Reminds me of the time I was working in speech-based biometrics: the difference between speaker identification (who is speaking) and speaker authentication (is it really that person). They use similar kind of technologies: the 1st must look swiftly through a vast library of voice profiles and pick the correct one (so optimize for speed), while the 2nd just has to compare a voice sample with one 'model' and come up with a match score and decide whether it is the right voice (optimize for equal error rate).
The 'similarity' technology you describe actually sounds more like the first one. So I can imagine you guys coming up with a library of easy-to-recognize icons (an iPod, a bicycle, the Eiffel tower, Mickey Mouse) with associated tags.
If there's any chance of getting into your beta program, I'd be delighted :-) This is really interesting stuff!
Posted by: Peter Forret | August 28, 2005 at 04:16 AM
Peter - we would love to have you in the beta - just send an email to beta at ojos-inc.com
Posted by: Munjal Shah | August 28, 2005 at 11:06 PM
Content based image retrieval using computed similarity metrics can provide a decent starting point for either follow up tagging (by humans), or as a way to dredge up a collection of otherwise unlocatable scenes, again for review by humans.
Some of the major weaknesses of systems implemented in the past have been reduced, due to the commoditization of computing and storage resources. More interestingly, the commoditization of communications cost to the "end user" opens the possibility of human user feedback to the image search system that hasn't been usefully present in the past, by aggregating both the image search click throughs and the clusters of associated tags accumulated over time.
At present, to me this makes the most sense as a service targeted at topical communities of users, rather than on my desktop or on my hosted photos only. I'd love to have my photos magically tag themselves based on who's in them, which isn't practical unless I'm Paris Hilton (and thus hang out with other well-known, recognizable people). It seems reasonably possible to identify an interesting set of landmarks and buildings, and perhaps a number of celebrity faces.

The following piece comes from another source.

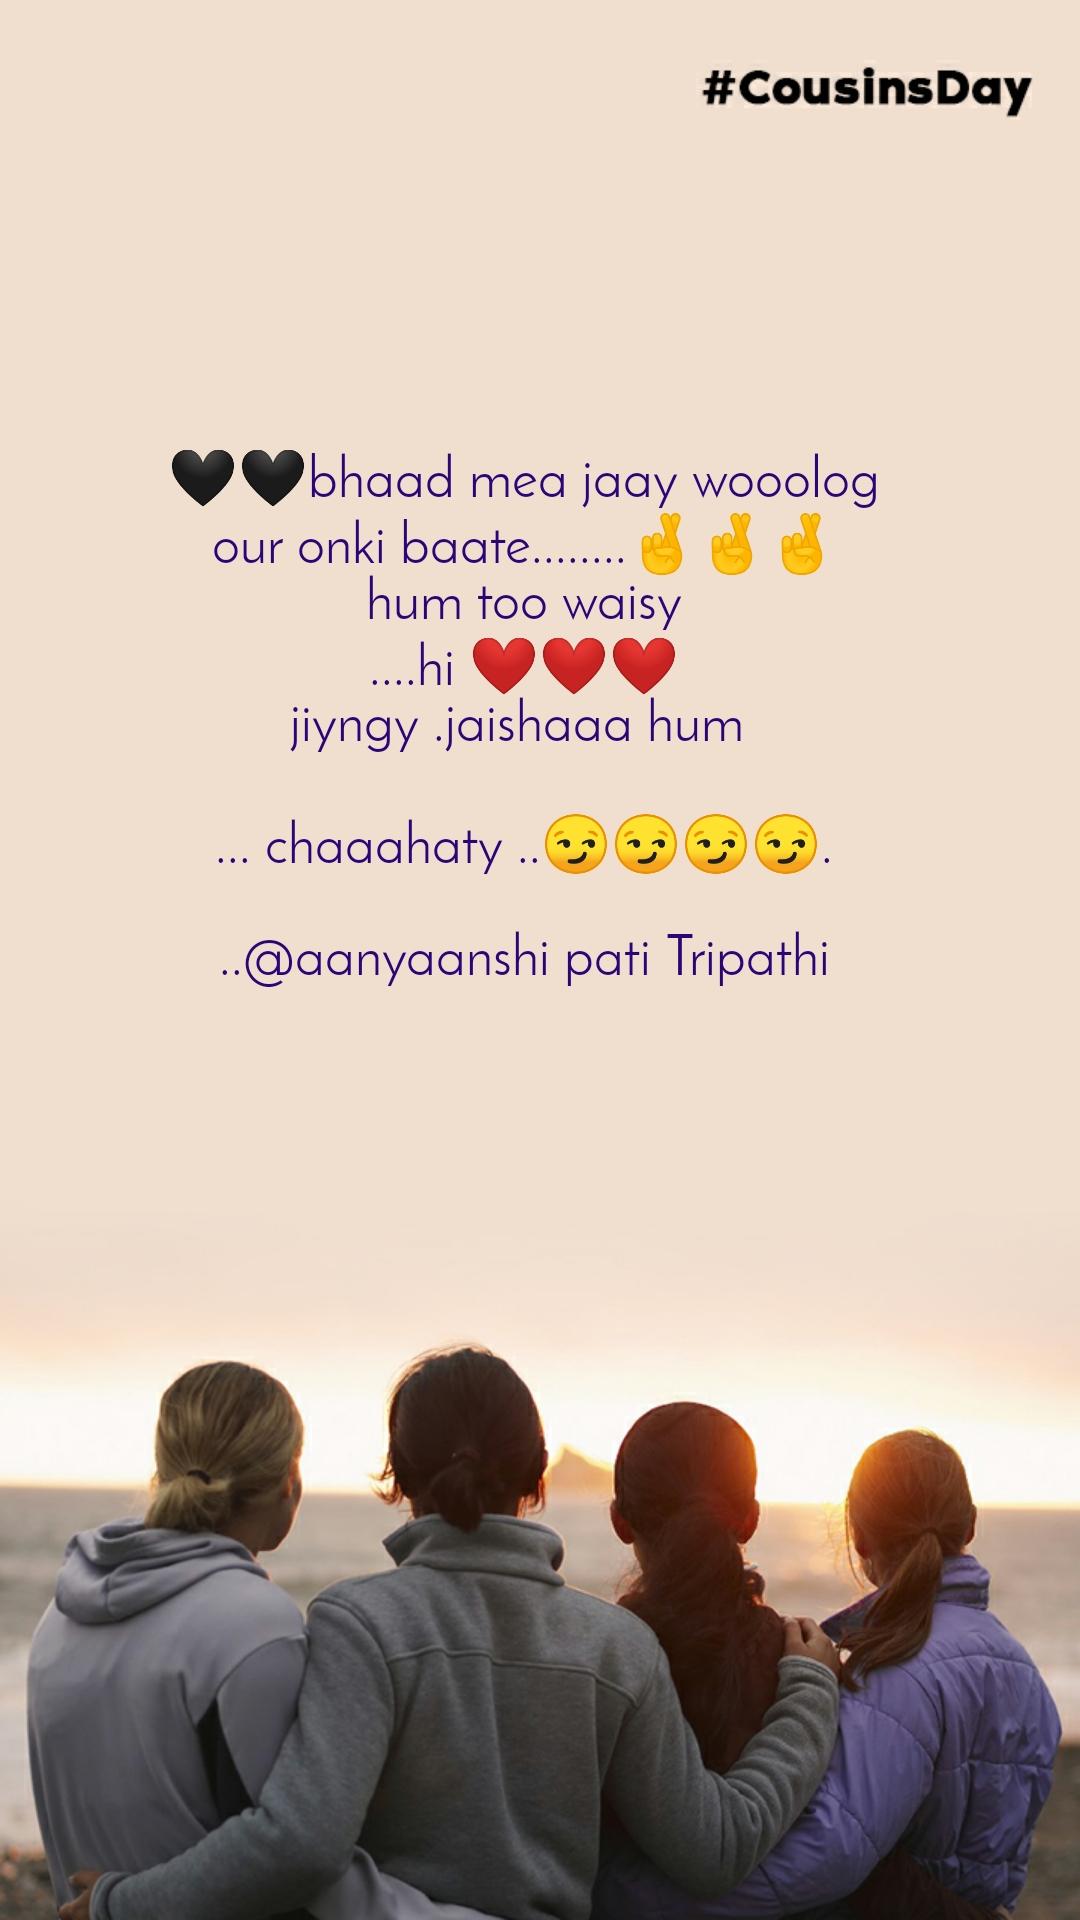 🖤🖤bhaad mea jaay wooolog our onki baate........🤞🤞🤞 hum too waisy ....hi ❤️❤️❤️ jiyngy .jaishaaa hum   ... chaaahaty ..😏😏😏😏.  ..@aanyaanshi pati Tripathi

It didn't sound like you were trying for the Visionics-style parametric face recognition. Even without it, I you could probably generate a page full of photos generally similar to, say, Elvis Presley, or photos that might be of (name-your-favorite-celebrity-here), which could then be more or less voted on (by clickthroughs and tagging) by a community of users forming an opinion about how well the images met their expectations.
The stock photo / video / audio agencies have been grappling with the tagging / keywording problem for a long time, typically ending up with a small set of people who know particular collections and associated keywords.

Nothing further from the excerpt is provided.